Aging
Widowhood, Immunosenescence, and Mortality in Older American: Evidence from the Health and Retirement Study Youngjoon Bae* Youngjoon Bae Yuan Zhang Jaydon Jun Yu Chin Grace A. Noppert Rebecca Stebbins Daniel W. Belsky Allison E. Aiello
Widowhood is linked to an increased risk of mortality, particularly among men. Studies examining biomarkers related to the loss of a loved one have identified changes in the immune system as a potential mechanism behind this risk. However, most research has focused on general indicators of inflammation. Another immune pathway related to the stress of widowhood is immunosenescence, which refers to the gradual decline of the immune system associated with aging.
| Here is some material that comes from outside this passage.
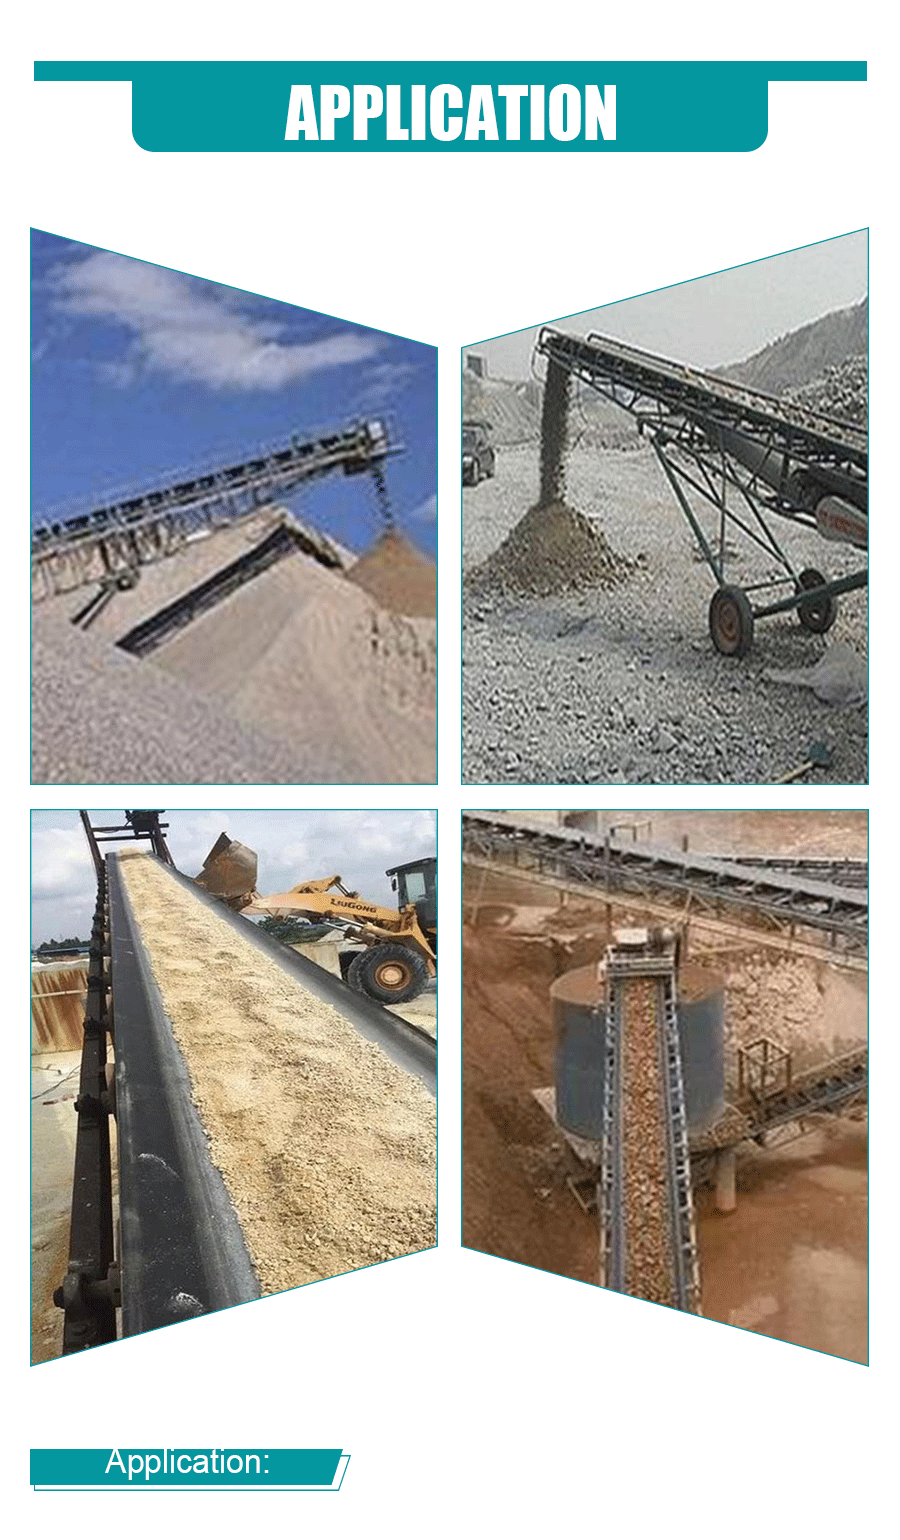 Conveyor belt for sand

We analyzed data derived from flow cytometry analysis of blood samples from 8,136 US adults aged 50 and older, participants in the Health and Retirement Study (HRS). We first explored the associations between widowhood and measures of immunosenescence through linear regression models. Specifically, Immunosenescence was assessed using three log-transformed T-cell aging markers, including the CD4+:CD8+ T-cell ratio, EMRA CD4+: Naïve CD4+ Ratio, and EMRA CD8+: Naïve CD8+ Ratio. Next, we examined whether widowhood was linked to increased mortality rates by employing Cox proportional hazard models, taking immunosenescence into account. In both analyses, we adjusted for age, race, ethnicity, education, depression, and recent spousal loss (<= 5 years).
We observed that widowhood was associated with significantly higher levels of T-cell aging markers in men but not women, in fully adjusted models (see Figure 1 for details). The survival analysis results indicated that elevated levels of T-cell aging markers were risk factors for mortality in both men and women—however, the small impact of these T-cell markers on the relationship between widowhood and mortality was found only in men. These findings suggest that widowers have a more aged immune profile than married men, and the relationship between widowhood and mortality among men may be partially explained by immunosenescence. Men may be at greater risk for poor health outcomes and mortality upon widowhood suggesting the need for early intervention and prevention.